As mentioned in the previous section, efforts should be made to find an optimal solution which will not generate significant costs in construction. For the optimisation problem under discussion, the optimal solution of task no. 8 with the minimum volume of material is also the solution that is the simplest in its construction. The optimally shaped girder for that task is a frame-arched girder which has a considerable length of straight sections with short arch elements in the areas of the application of concentrated forces and moments.

As in previous tasks, the whole bridge structure with each of the optimal girders is verified for ultimate and serviceability limit states by Abaqus FEM code. The stress and deflection envelopes for the optimal arch with the smallest value of the objective function are presented in Figures 15 and 16.

5. Conclusions

In this paper, a method of optimal design of an arch girder of variable curvature and stiffness by means of control theory is presented. The methodology is based on the application of Pontryagin’s minimum principle in combination with FEM computations. The objective is to minimise the total volume of girder’s material while simultaneously meeting all constraint conditions. The solutions meeting all necessary optimality conditions are found for numerous tasks. The trajectories of all state variables, adjoint variables, the Hamilton function, and symmetrical optimal solutions prove the correctness of the obtained results. It should also be emphasised that singular control of the optimal design task is obtained, which is particularly interesting for a problem of such complexity in the context of control theory.

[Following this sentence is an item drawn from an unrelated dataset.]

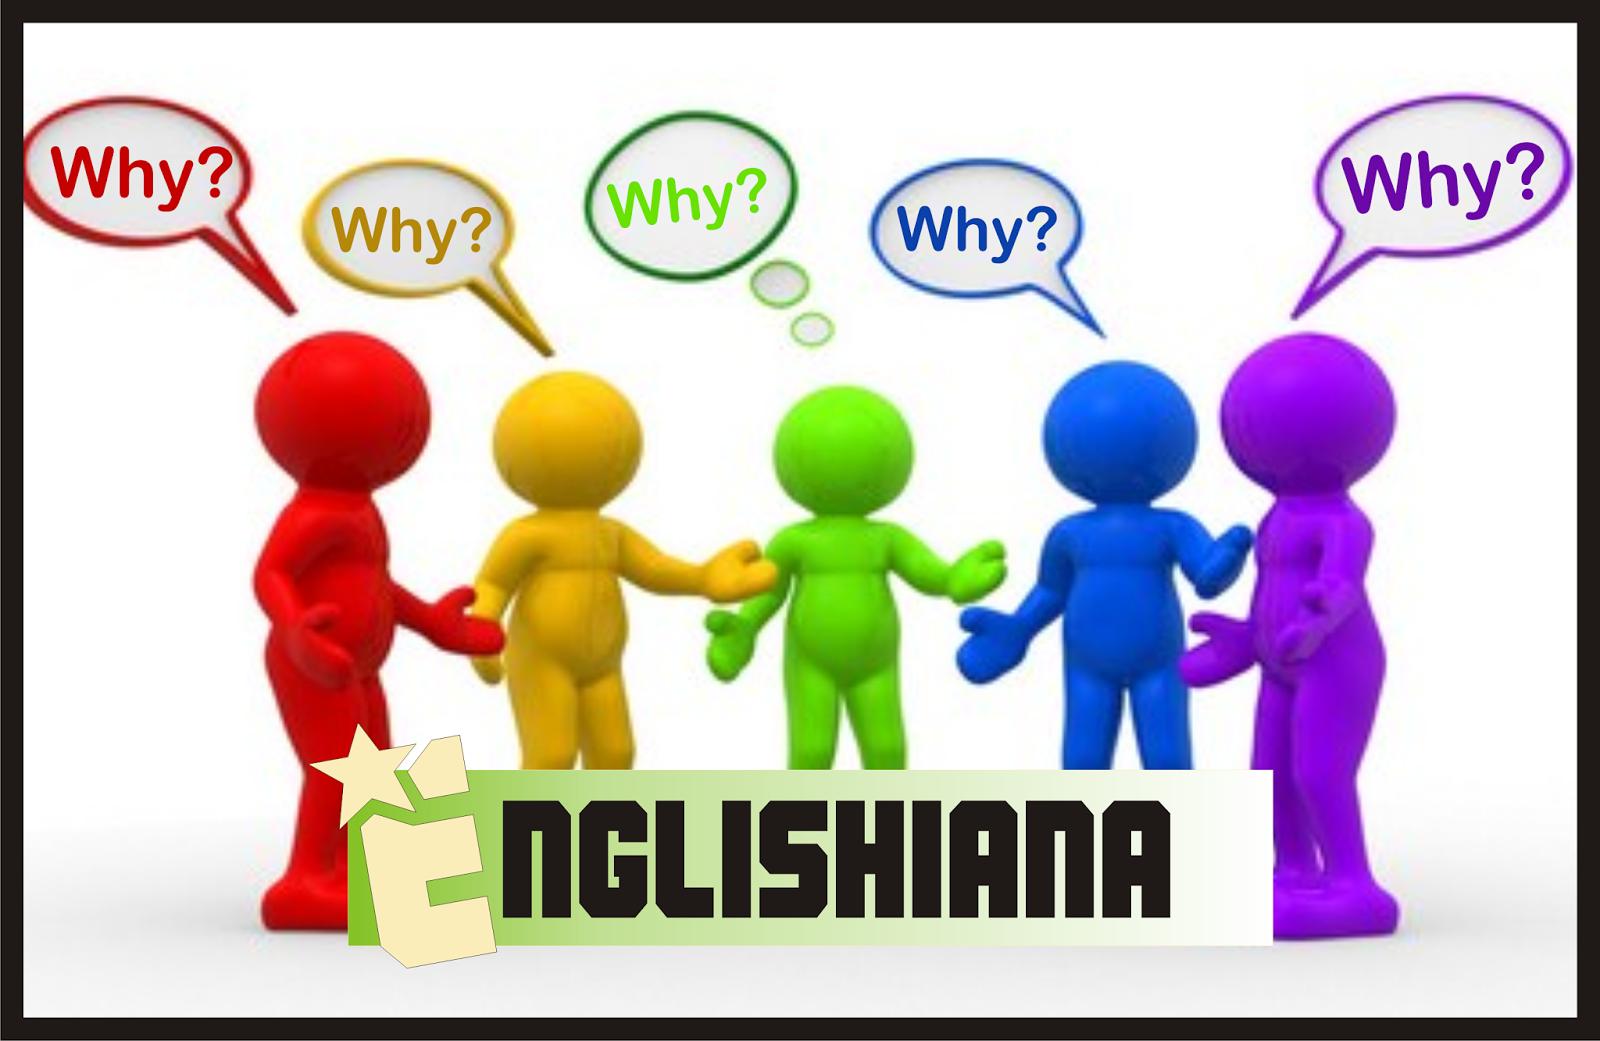 Kumpulan Contoh Artikel Bahasa Inggris Tentang Pendidikan Dan

Based on the formulations presented in this article, calculations for various real structures can be performed. The method of the optimal design of the girder with minimal volume can be successfully extended to the optimisation tasks of structures with various static schemes, load states, and other objective functions or boundary conditions. The obtained results confirm that the optimisation method, based on the optimal control theory in combination with FEM computations, can be used successfully in calculations for complex structural systems.

Data Availability

The data used to support the findings of this study are included within the article.

Conflicts of Interest

The authors declare that there are no conflicts of interest regarding the publication of this paper.

Acknowledgments

This work was funded by the Cracow University of Technology, Poland.